When a check fires, it takes one of four actions (configured per sub-check in the dashboard):
| Action | Effect |
|---|---|
alert |
Logs a warning; execution continues |
sanitize |
Redacts matched content from the event payload; execution continues |
block_call |
Raises DapplePotBlockedError |
terminate_session |
Raises DapplePotSessionTerminatedError |
from dapplepot_sdk import DapplePot, DapplePotBlockedError, DapplePotSessionTerminatedError
try:
result = graph.invoke(...)
except DapplePotBlockedError as e:
print(e.signal, e.reason, e.session_id)
except DapplePotSessionTerminatedError:
print("Session terminated by security policy")Use the built-in RegexScrubber or implement your own:
from dapplepot_sdk import DapplePot
from dapplepot_sdk.scrubbers import RegexScrubber
scrubber = RegexScrubber(patterns=["email", "ssn", "aws_key", "jwt", "phone"])
dp = DapplePot(
sdk_key = "dp_sk_...",
tenant_id = "...",
agent_id = "...",
ingest_url = "https://ingest.dapplepot.com",
pii_scrubber = scrubber,
)Built-in pattern names: email, phone, ssn, credit_card, uk_nino, iban, ip_address, aws_key, jwt.
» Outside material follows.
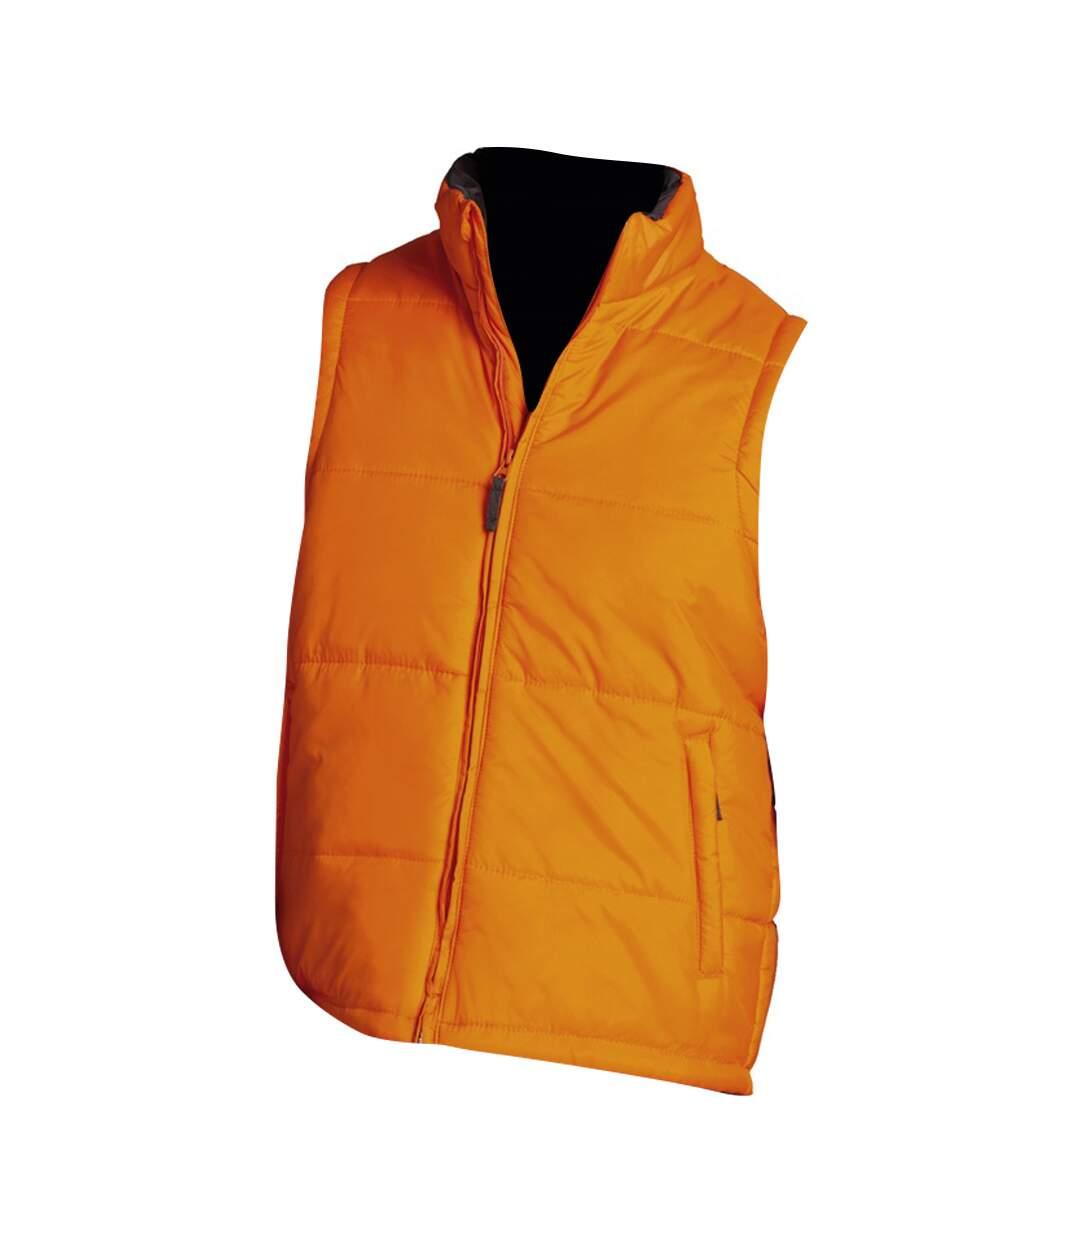 SOLS Warm Unisex Padded Bodywarmer Jacket (Orange) - UTPC355

To implement a custom scrubber, subclass BaseScrubber and implement scrub(text: str) -> str:
from dapplepot_sdk.scrubbers import BaseScrubber
class MyScrubber(BaseScrubber):
def scrub(self, text: str) -> str:
return text.replace("sensitive", "[REDACTED]")You can also redact known keys without touching values:
dp = DapplePot(..., redact_keys=["api_key", "password", "ssn"])Impact on detection: Scrubbing runs after real-time online checks, so live session checks marked for online detection (e.g. SID-02a) still operate on the original content and fire correctly. However, events stored for post-session analysis contain the scrubbed values — PII is replaced with tokens like [EMAIL] or [SANITIZED] before storage, so any offline detection pass on those events will find nothing to flag.
All events flow through POST {ingest_url}/v1/ingest/events.
| Event | When |
|---|---|
session_start |
dp.session() enter, or first patched call in standalone mode |
session_end |
dp.session() exit (normal close), or last patched call in standalone mode |
session_error |
Exception escapes dp.session() uncaught |
node_start |
dp.node() enter, or LangGraph/LangChain child chain start |
node_end |
dp.node() clean exit, or LangGraph/LangChain child chain end |
node_error |
dp.node() raises, or LangGraph/LangChain child chain fails |
llm_start |
Patched LLM call begins |
llm_end |
Patched LLM call returns (tokens, latency, model, finish reason) |
llm_error |
Patched LLM call raises |
tool_start |
Tool invoked by the model (auto-detected from response) |
tool_end |
Tool result fed back into the model (auto-detected from next call) |
tool_error |
Tool result marked is_error=True, or framework tool callback fails |
security_finding |
Online security check fired (out-of-band) |
Errors propagate upward only as far as the exception actually travels. Catch an exception inside dp.node() and the session keeps going. Catch it inside dp.session() and you only see node_error and llm_error, never session_error.
Licensed under the Apache License, Version 2.0. See LICENSE and NOTICE for details.